Functionals of Dirichlet processes, the Cifarelli-Regazzini identity and Beta-Gamma processes
成果类型:
Article
署名作者:
James, LF
署名单位:
Hong Kong University of Science & Technology
刊物名称:
ANNALS OF STATISTICS
ISSN/ISSBN:
0090-5364
DOI:
10.1214/009053604000001237
发表日期:
2005
页码:
647-660
关键词:
nonparametric problems
distributions
priors
摘要:
Suppose that P theta(g) is a linear functional of a Dirichlet process with shape theta H, where theta > 0 is the total mass and H is a fixed probability measure. This paper describes how one can use the well-known Bayesian prior to posterior analysis of the Dirichlet process, and a posterior calculus for Gamma processes to ascertain properties of linear functionals of Dirichlet processes. In particular, in conjunction with a Gamma identity, we show easily that a generalized Cauchy-Stieltjes transform of a linear functional of a Dirichlet process is equivalent to the Laplace functional of a class of, what we define as, Beta-Gamma processes.
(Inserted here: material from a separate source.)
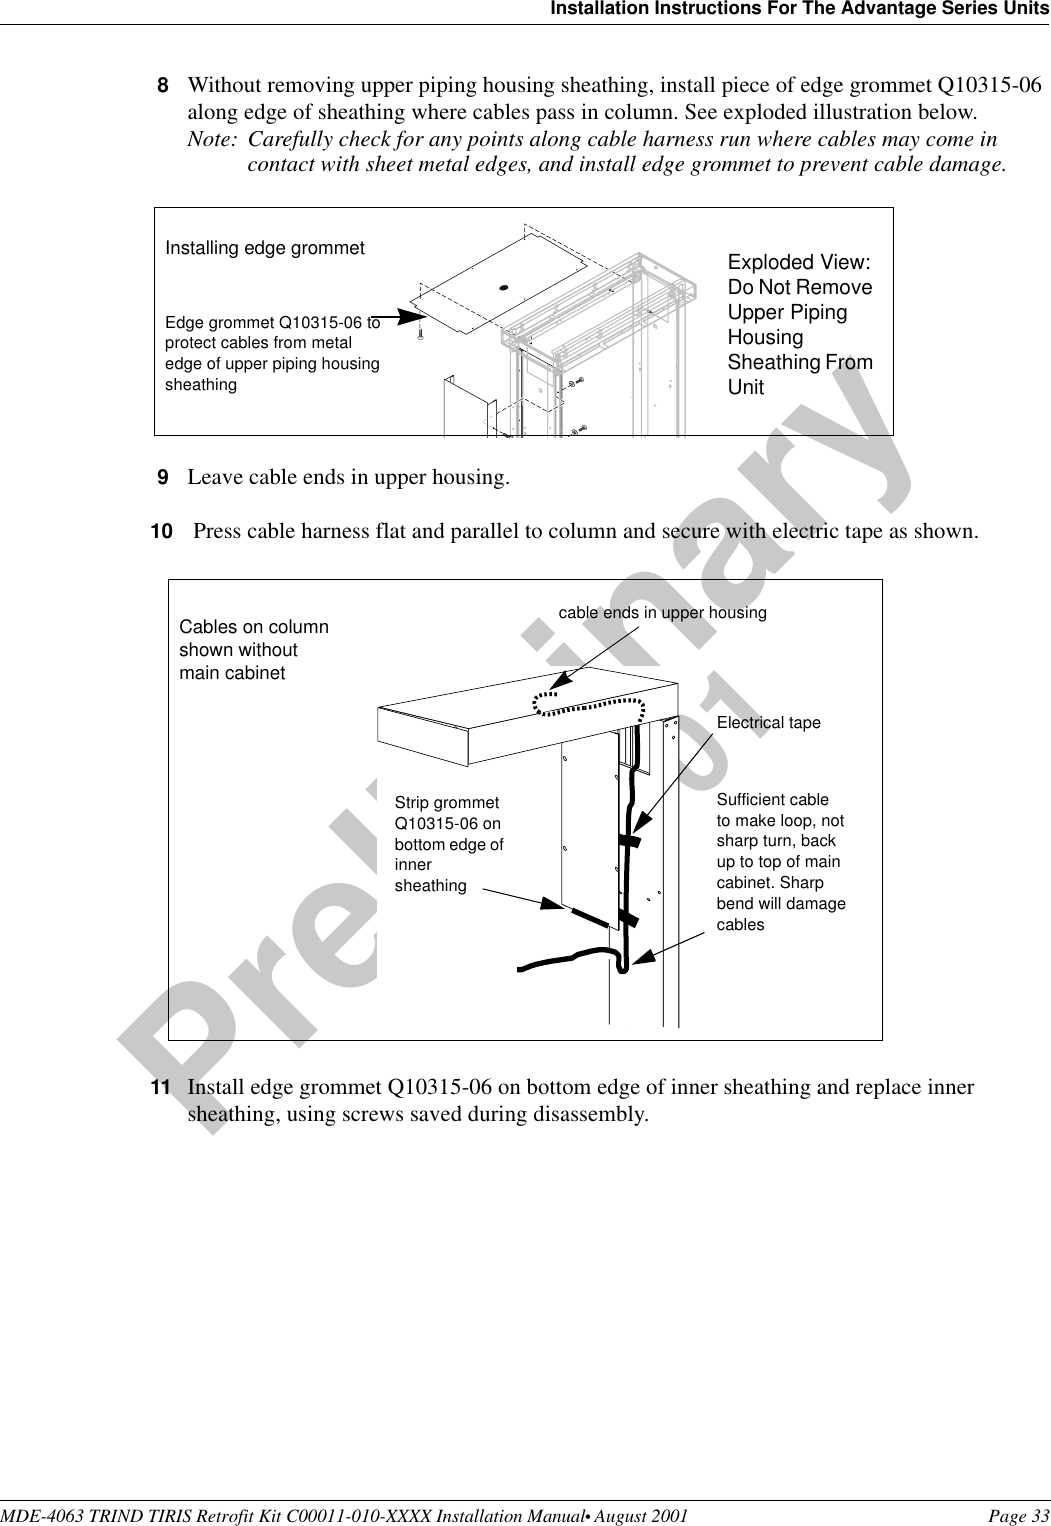 MDE-4063 TRIND TIRIS Retrofit Kit C00011-010-XXXX Installation Manual• August 2001 Page 33Installation Instructions For The Advantage Series UnitsPreliminary08-24-018Without removing upper piping housing sheathing, install piece of edge grommet Q10315-06 along edge of sheathing where cables pass in column. See exploded illustration below.Note: Carefully check for any points along cable harness run where cables may come in contact with sheet metal edges, and install edge grommet to prevent cable damage. 9Leave cable ends in upper housing.10  Press cable harness flat and parallel to column and secure with electric tape as shown.11 Install edge grommet Q10315-06 on bottom edge of inner sheathing and replace inner sheathing, using screws saved during disassembly.Edge grommet Q10315-06 to protect cables from metal edge of upper piping housing sheathingInstalling edge grommet Exploded View: Do Not Remove Upper Piping Housing Sheathing From UnitElectrical tapeSufficient cable to make loop, not sharp turn, back up to top of main cabinet. Sharp bend will damage cablesStrip grommet Q10315-06 on bottom edge of inner sheathingCables on column shown without main cabinetcable ends in upper housing

This represents a generalization of an identity due to Cifarelli and Regazzini, which is also known as the Markov-Krein identity for mean functionals of Dirichlet processes. These results also provide new explanations and interpretations of results in the literature. The identities are analogues to quite useful identities for Beta and Gamma random variables. We give a result which can be used to ascertain specifications on H such that the Dirichlet functional is Beta distributed. This avoids the need for an inversion formula for these cases and points to the special nature of the Dirichlet process, and indeed the functional Beta-Gamma calculus developed in this paper.